We saw such a spark last week in our local paper. In a Grand Rapids Herald Review opinion piece, Deer River Public Schools Superintendent Matt Grose called attention to the obstacles created and exacerbated by standardized testing. Spurred by a sudden suspension of the Minnesota Comprehensive Assessment testing, his commentary  zeroed in on how society’s insatiable hunger for teacher accountability, accomplished through the taking of one test, is unrealistic and obtrusive.

Neither I nor my staff fear accountability. In fact, my teachers hold themselves to higher standards of care than any test could measure. I would argue, however, that spending $33.8 million on testing isn’t being accountable with our money as a state. I would argue that having 5th graders take tests in Reading, Math, and Science within the same testing season isn’t being accountable to them or their parents. I would argue that testing every child when we could use scientific sampling to measure school progress isn’t being accountable to intelligent use of time. I would argue that having to suspend teaching, cancel field trips, and reserve most of April for testing isn’t being accountable to our responsibility to provide learning opportunities. What we need is a system that provides measurement in a way that is fair, accurate, and unobtrusive.

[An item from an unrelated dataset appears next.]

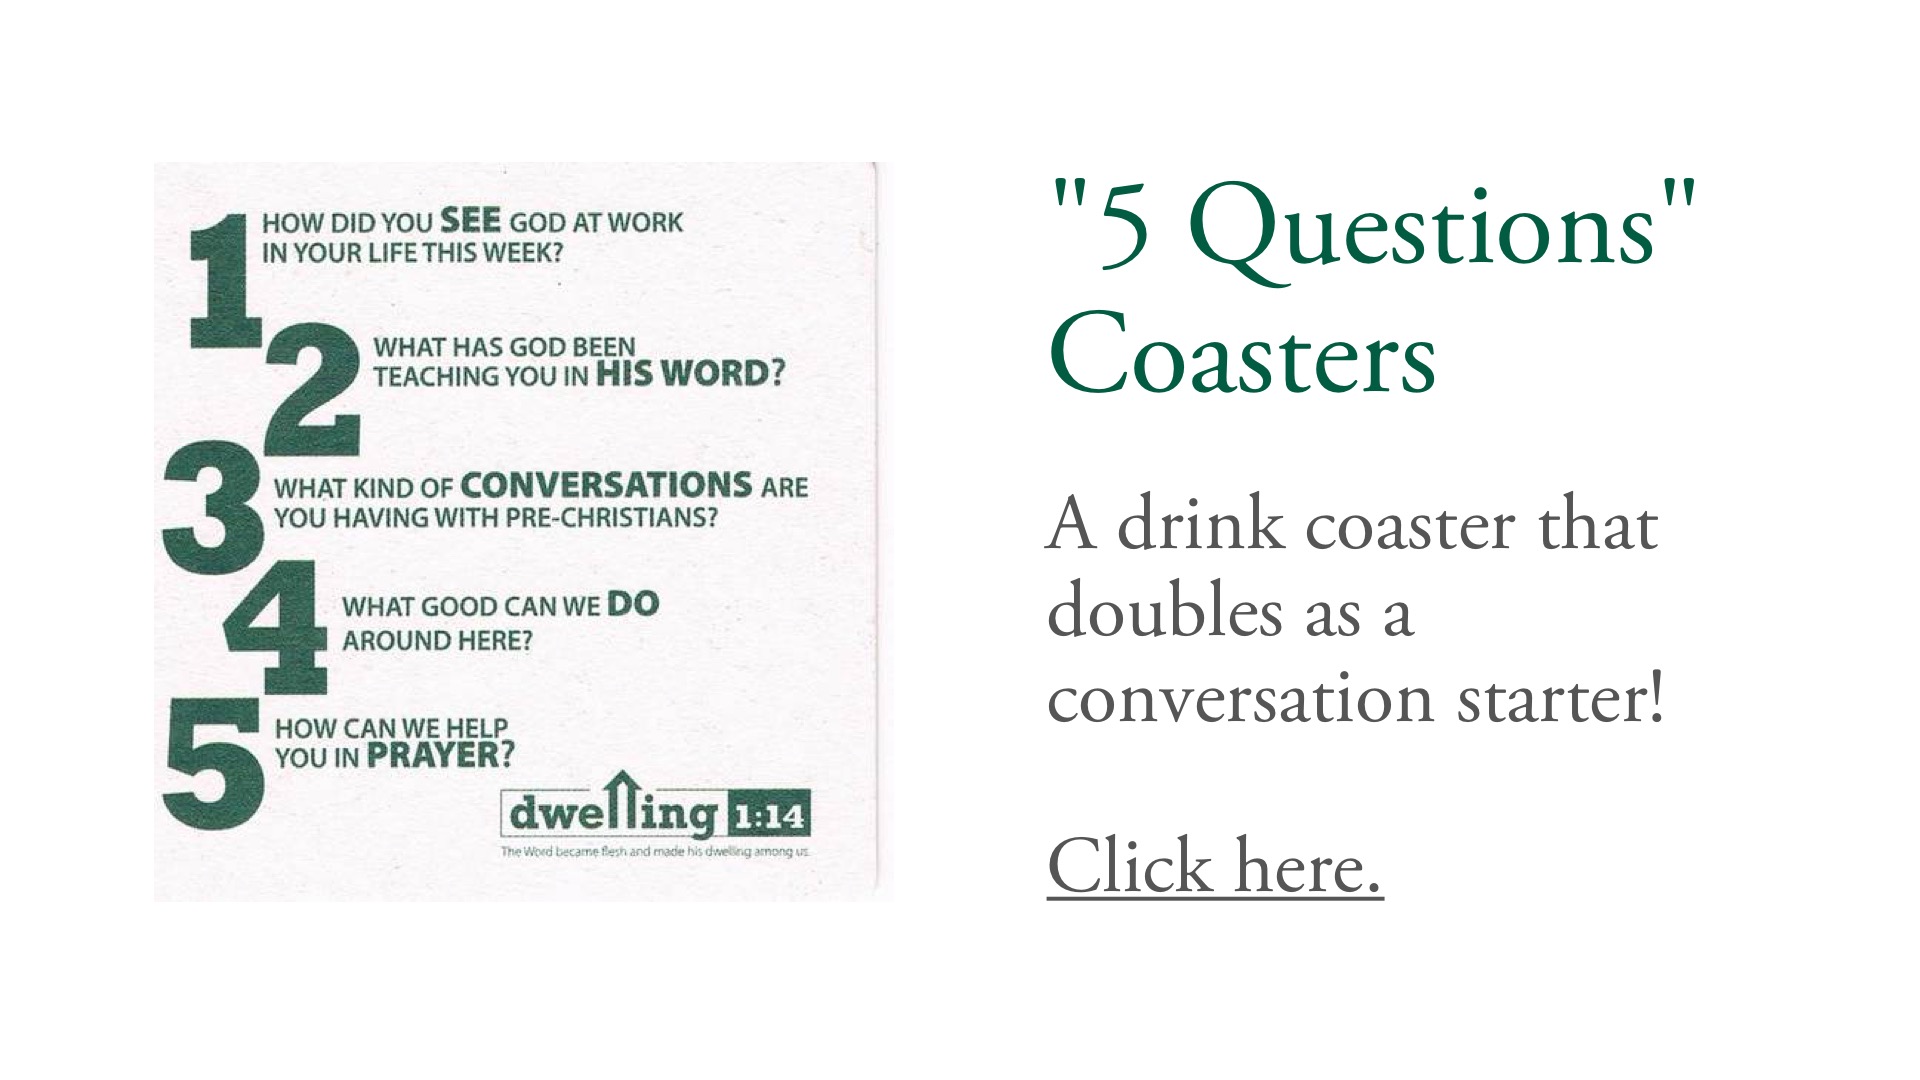 "5 Questions" Coasters
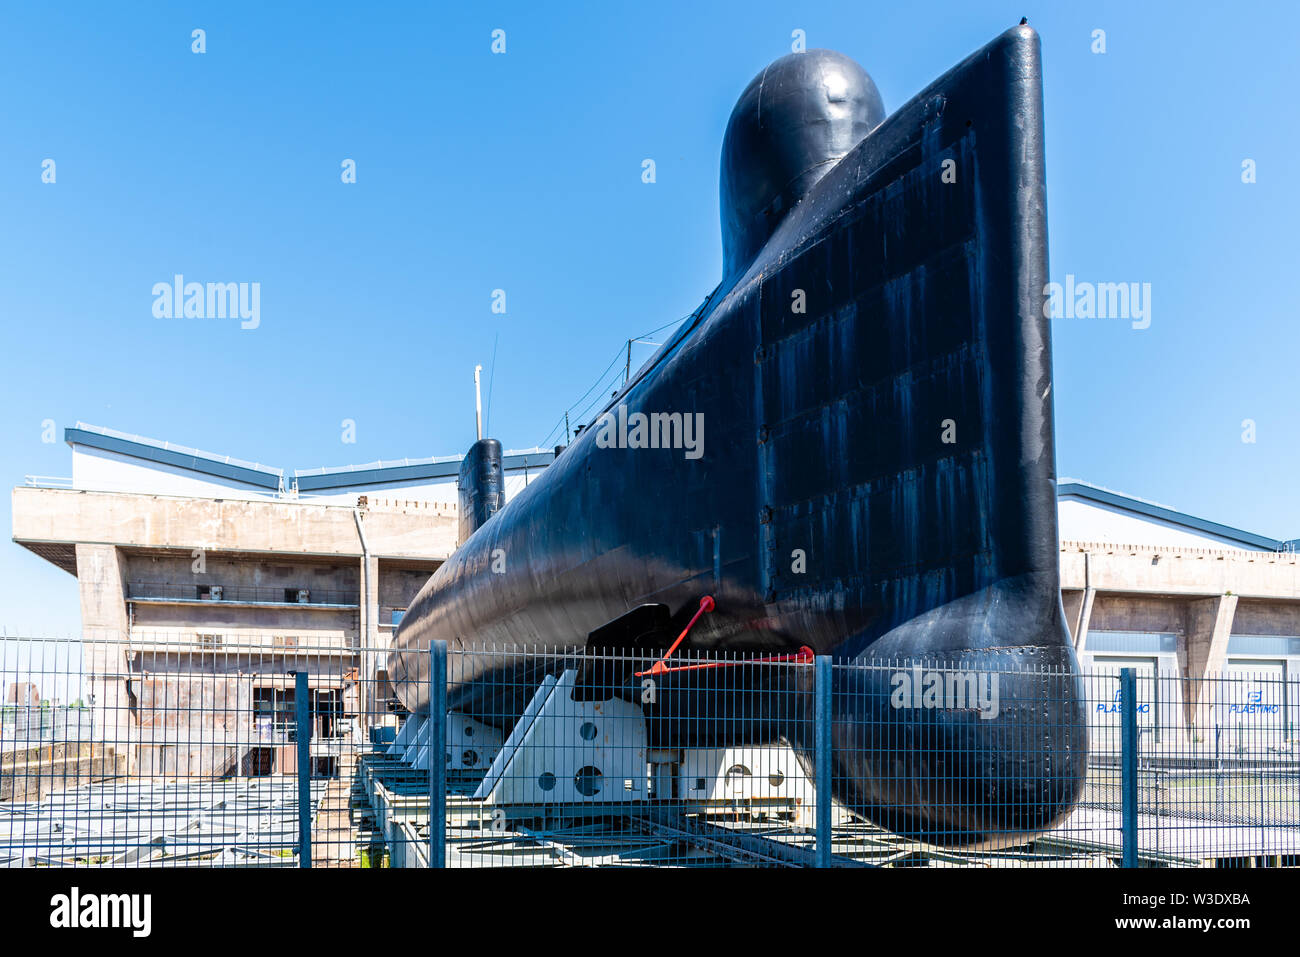 Lorient, France - August 3, 2018: Keroman Submarine Base. It was a German U-boat base located in Lorient during World War II Stock Photo

Agree or disagree — this is leadership.

It calls a conversation. It invites reflection. It does not cast stones, but offers an opening for our communities, our state, to begin thinking about new possibilities, to question “What if?”

This article was not an echo of just one person’s voice, but countless teachers, students, parents, and community members. But someone’s name had to be attached. Someone needed to be the spark.

You have to do it yourself, but you don’t have to do it alone.

It’s sparks like these that make our home communities — and communities all across rural Minnesota — vibrant.